**Exercise goal:**
The output should be every line below, retyped exactly, with no images.

**Given material:**
•••••

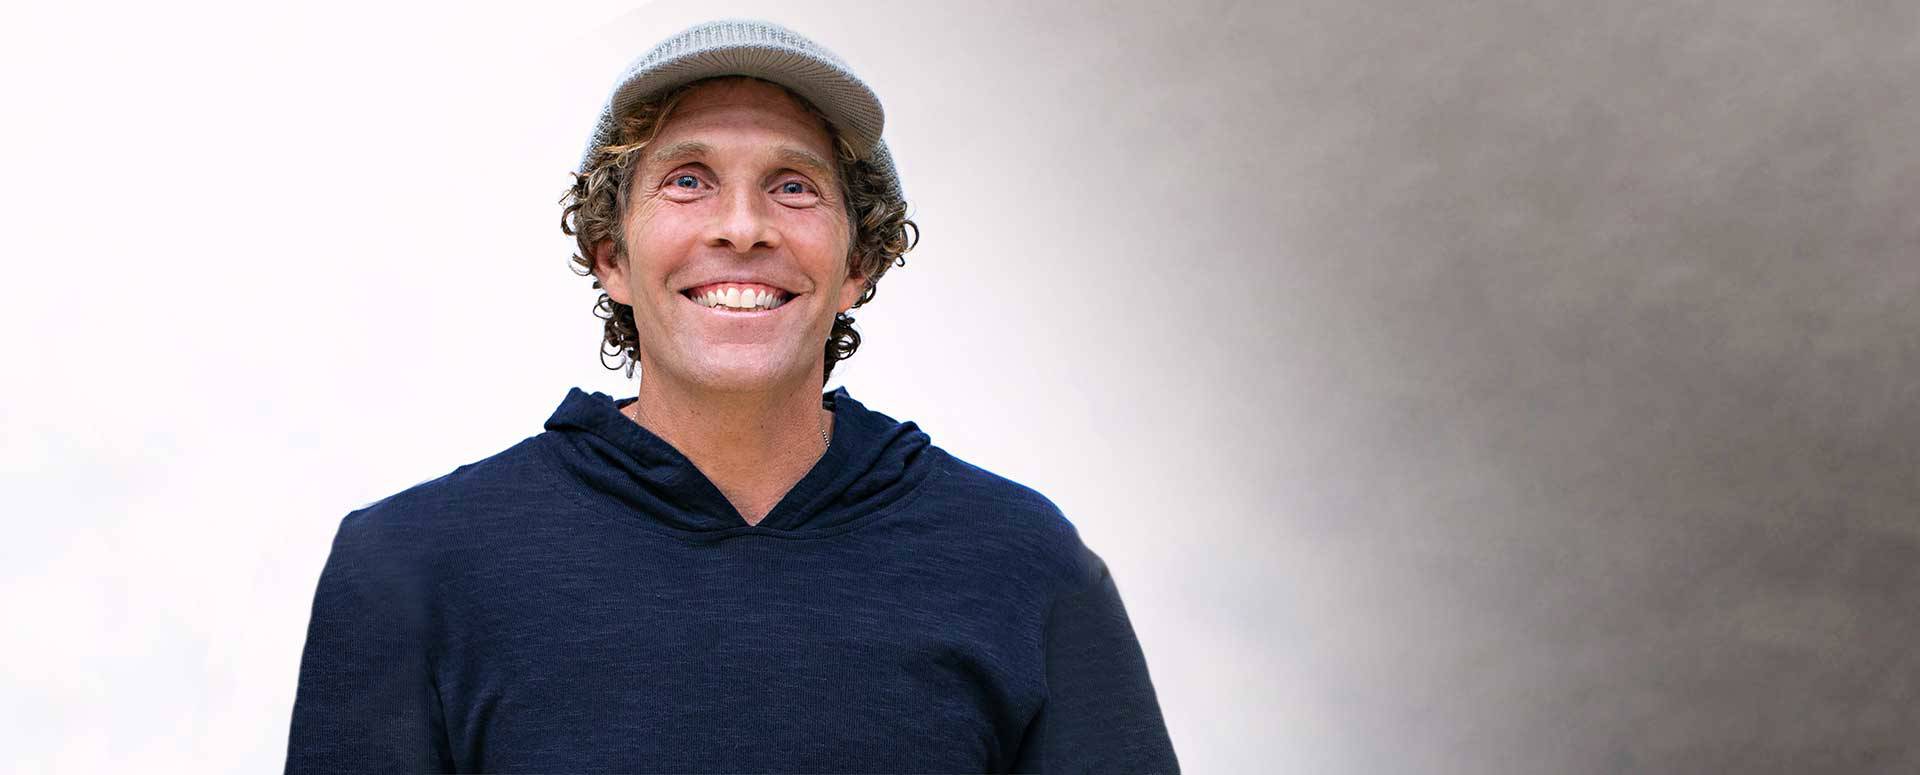 Jesse Itzler, Co-founder of Marquis Jet, and Jay-Z (R) smile and
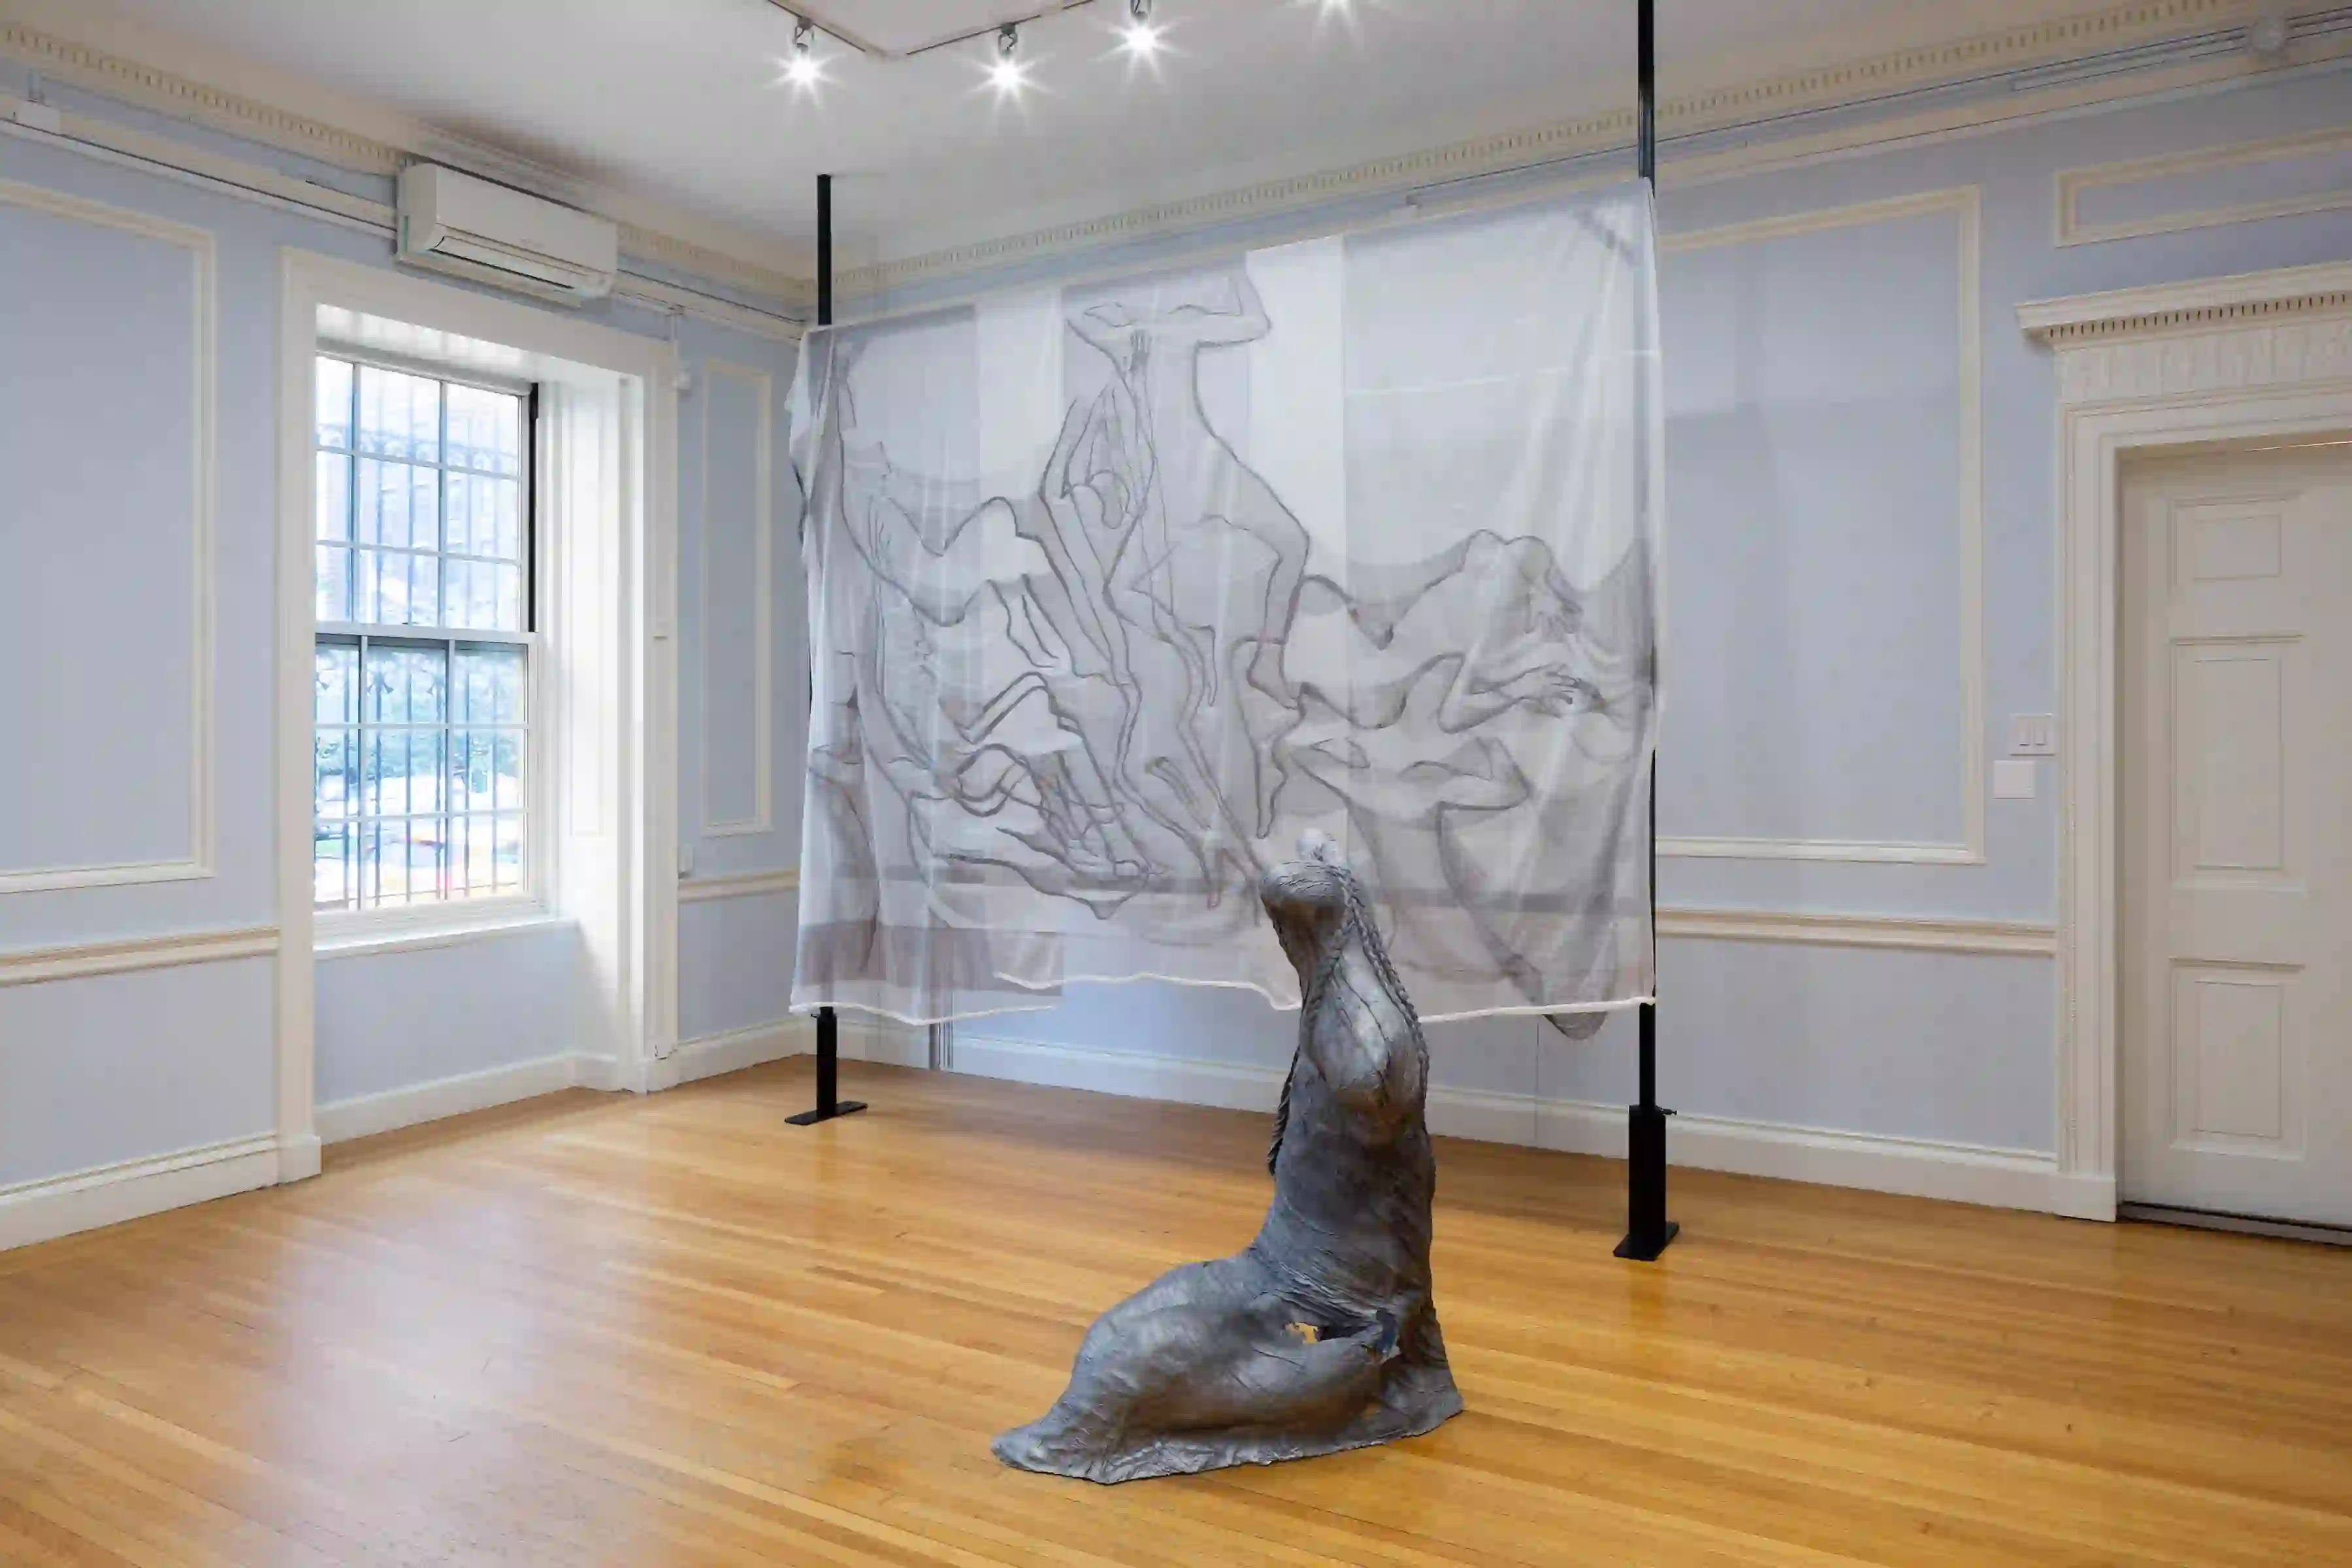 Installation view of the exhibition Margherita Raso: Vizio di Forma at the Italian Cultural Institute in New York. Photos by Alexa Hoyer
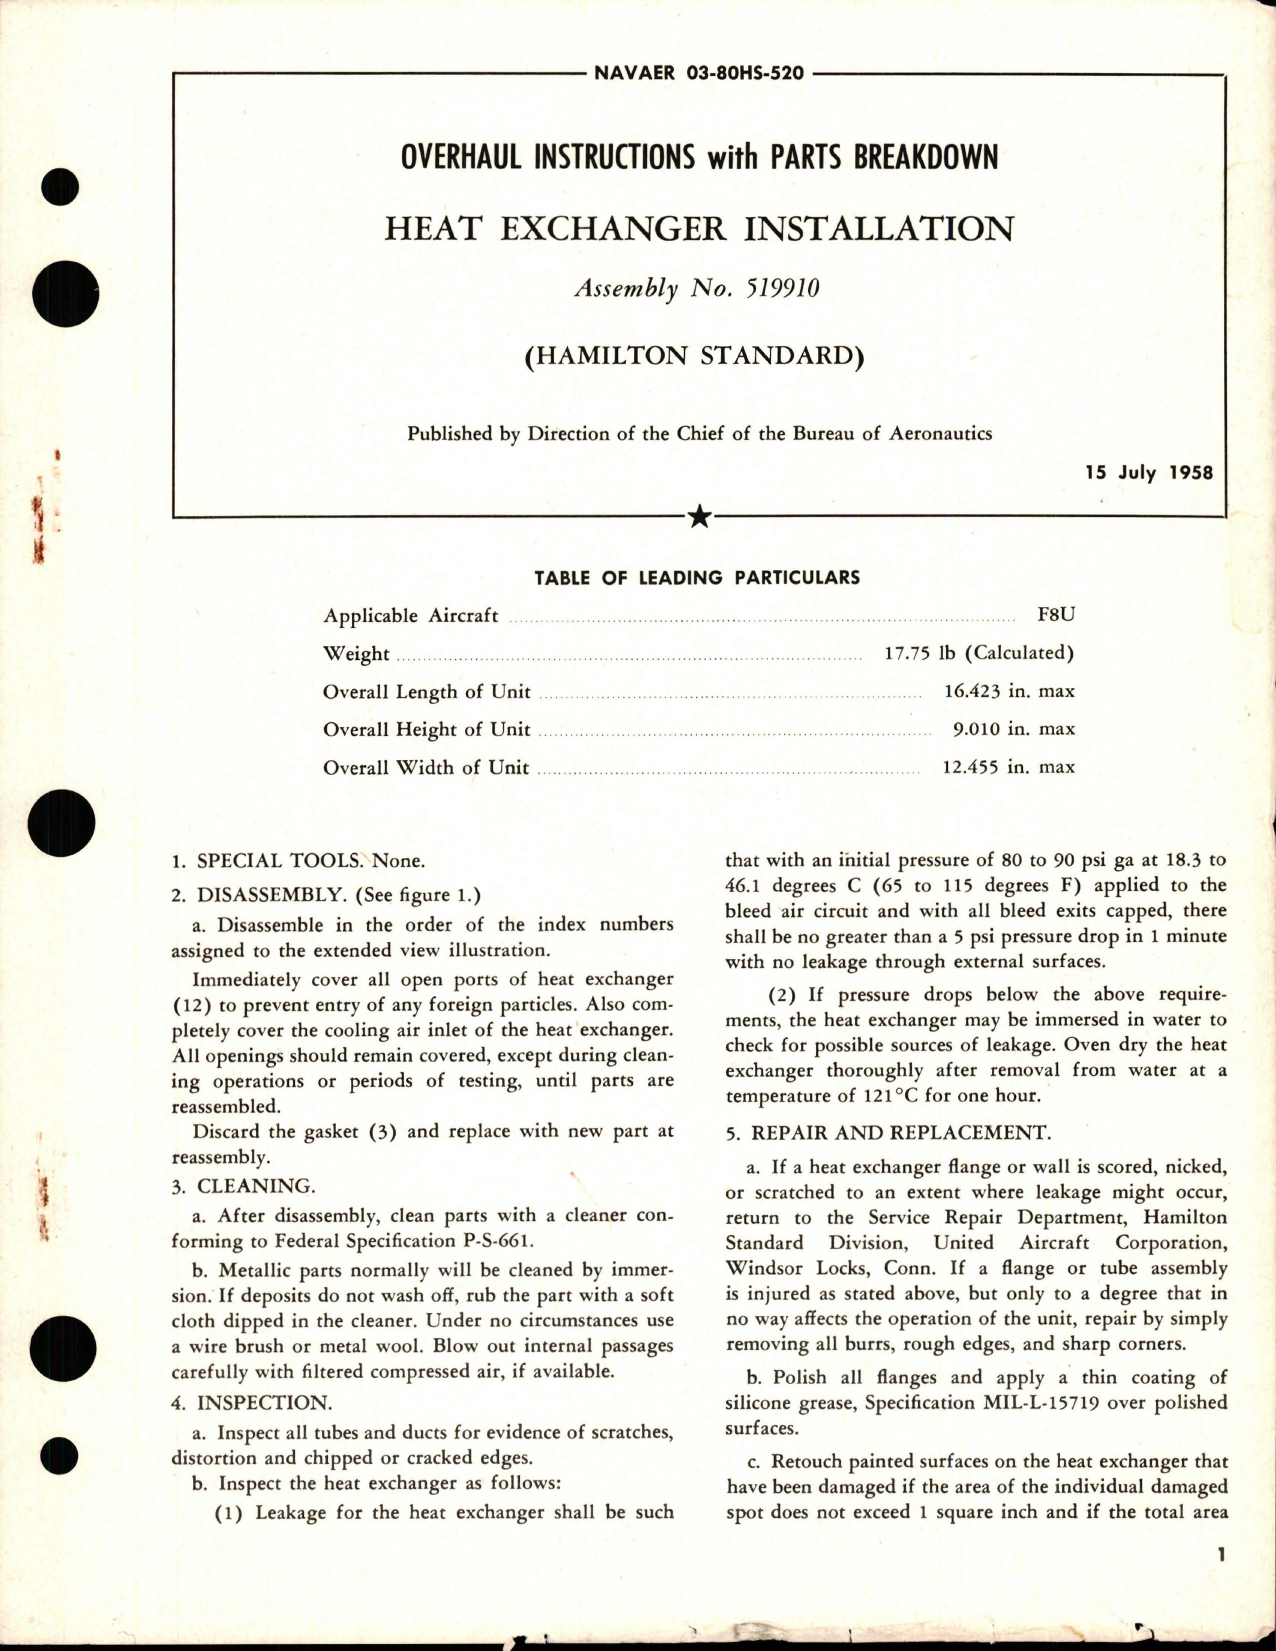 Sample page 1 from AirCorps Library document: Overhaul Instructions with Parts Breakdown for Heat Exchanger Installation - Assembly 519910

•••••

**Response to the exercise:**
 Jesse Itzler, Co-founder of Marquis Jet, and Jay-Z (R) smile and
 Installation view of the exhibition Margherita Raso: Vizio di Forma at the Italian Cultural Institute in New York. Photos by Alexa Hoyer
 Sample page 1 from AirCorps Library document: Overhaul Instructions with Parts Breakdown for Heat Exchanger Installation - Assembly 519910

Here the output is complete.